Democrats have no “winner-take-all states” (where whoever comes in first place gets all that state’s delegates) — instead, they allot delegates proportionally based on each contest’s results.

That means winning isn’t all that matters: The margin of victory is crucial. A narrow win will barely provide an advantage in the delegate count, because proportional rules mean the second-place finisher usually gets close to the same amount of delegates. But winning in a landslide will provide a big delegate edge.

Beyond that, the devil is in the details, particularly when the field is as large as this one is.

5) Why is the devil in the details?
First off, there’s the threshold: Candidates need to get 15 percent of the vote somewhere to get any delegates there. Those below 15 percent are nonviable and get nothing.

Second, it’s not quite so simple as “30 percent of the vote gets you 30 percent of delegates.” Instead, it’s your percentage of the viable candidates’ vote that matters. Basically, votes for any candidate who’s below 15 percent are excluded, and your percentage of whatever’s left determines your share of delegates.

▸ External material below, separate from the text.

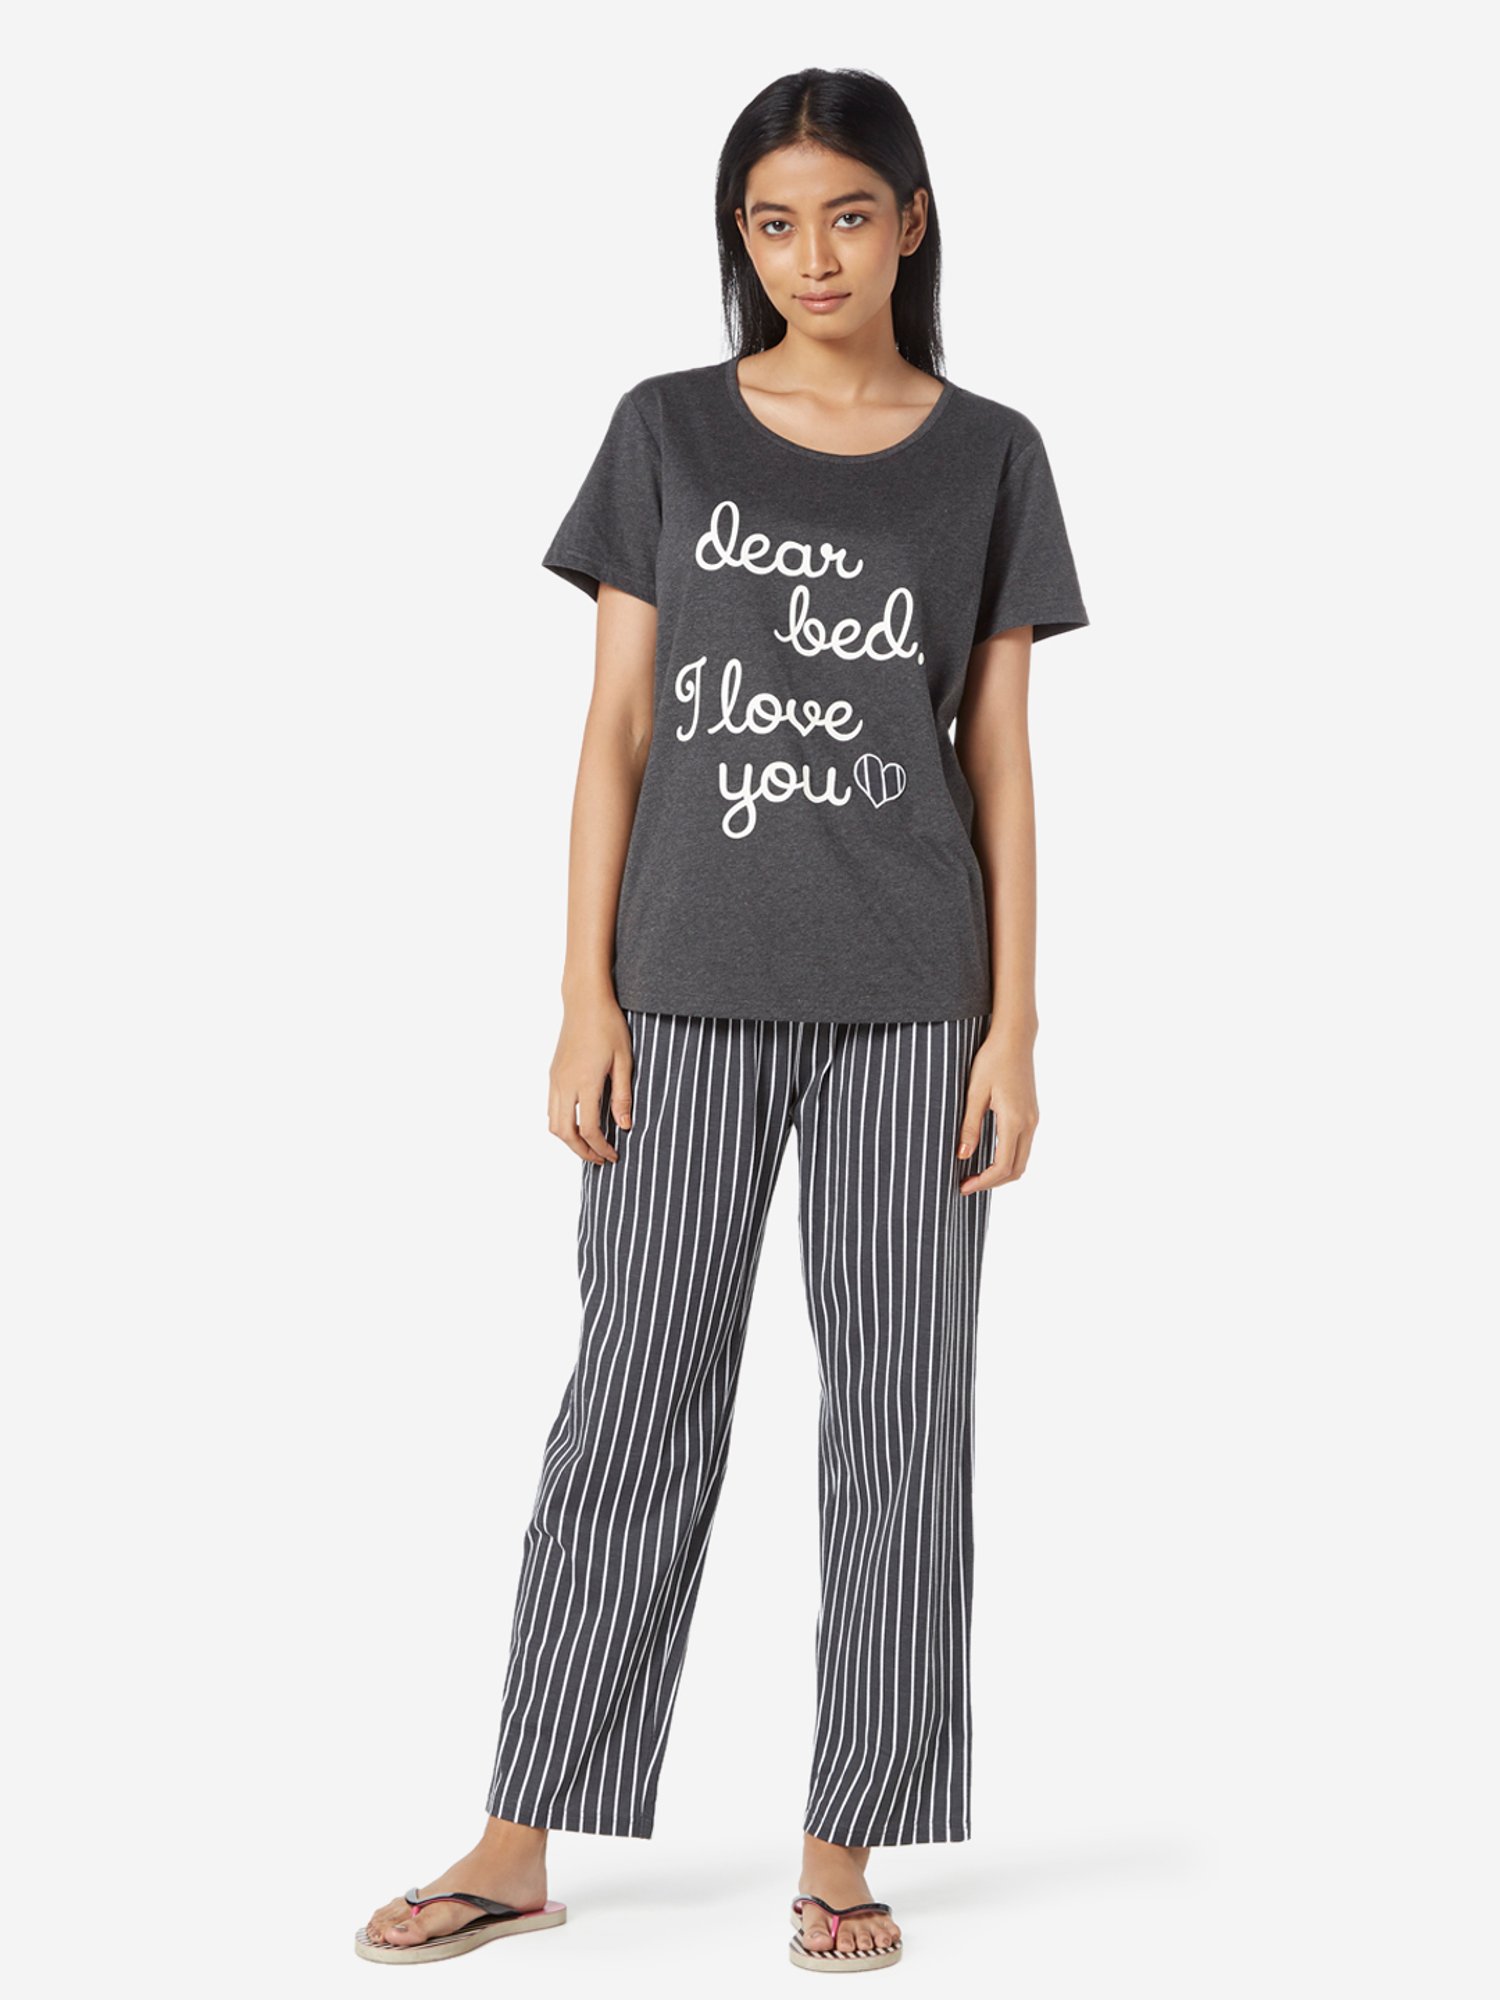 Wunderlove Violet Typographic Printed T-Shirt & Checked Pyjamas Set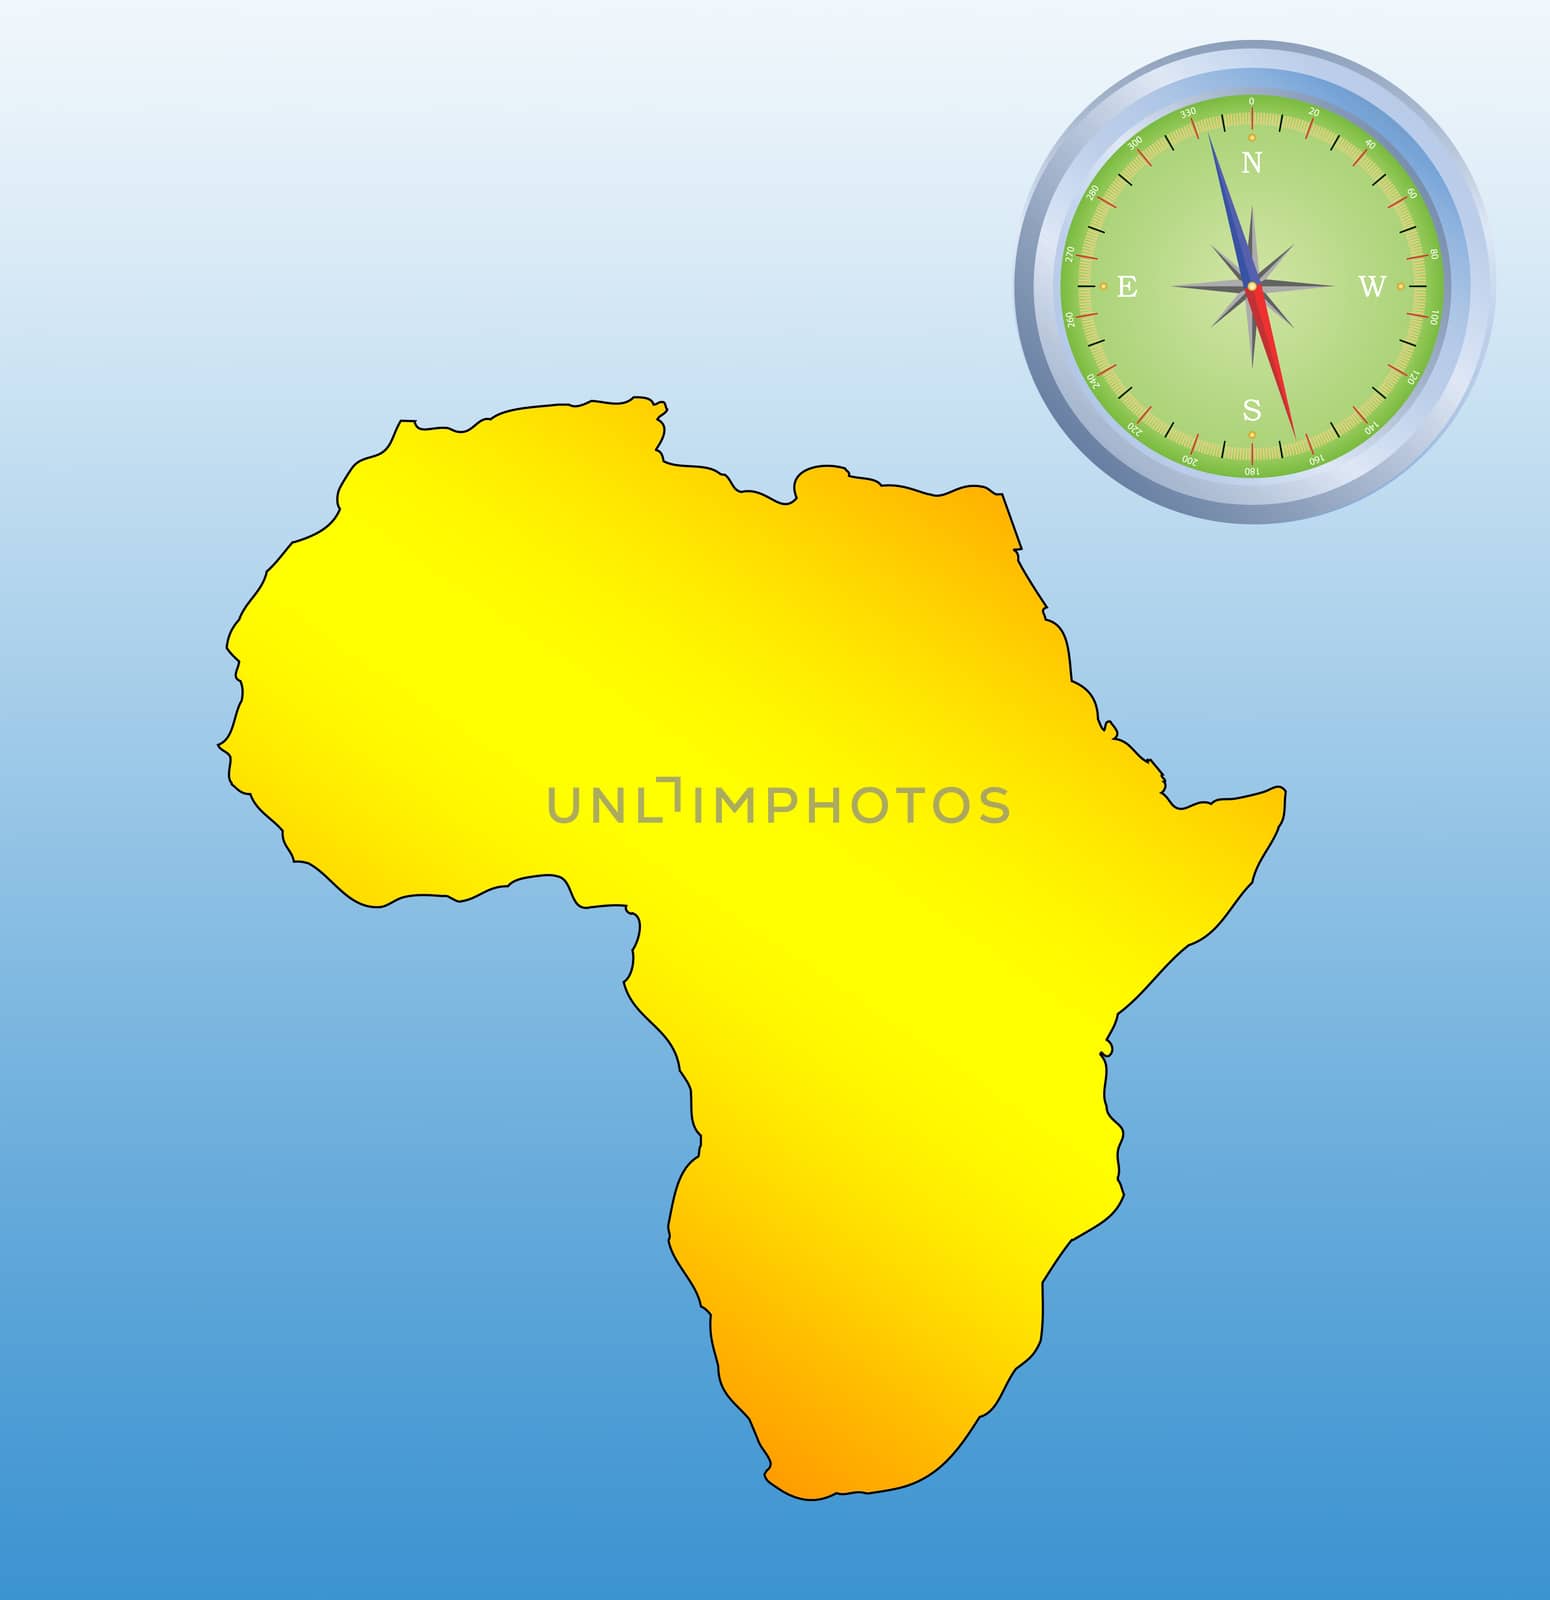 Africa background

So let’s say you get 30 percent of the vote, but there are three other viable candidates, getting 25 percent, 20 percent, and 15 percent of the vote. The viable vote adds up to 90 percent, and your 30 percent is one-third of that — so you get one-third of the delegates. Here’s how it would play out under a sample scenario, if there were 10 delegates at stake. (Note: Former South Bend, Indiana, Mayor Pete Buttigieg and Sen. Amy Klobuchar dropped out of the race just before Super Tuesday.)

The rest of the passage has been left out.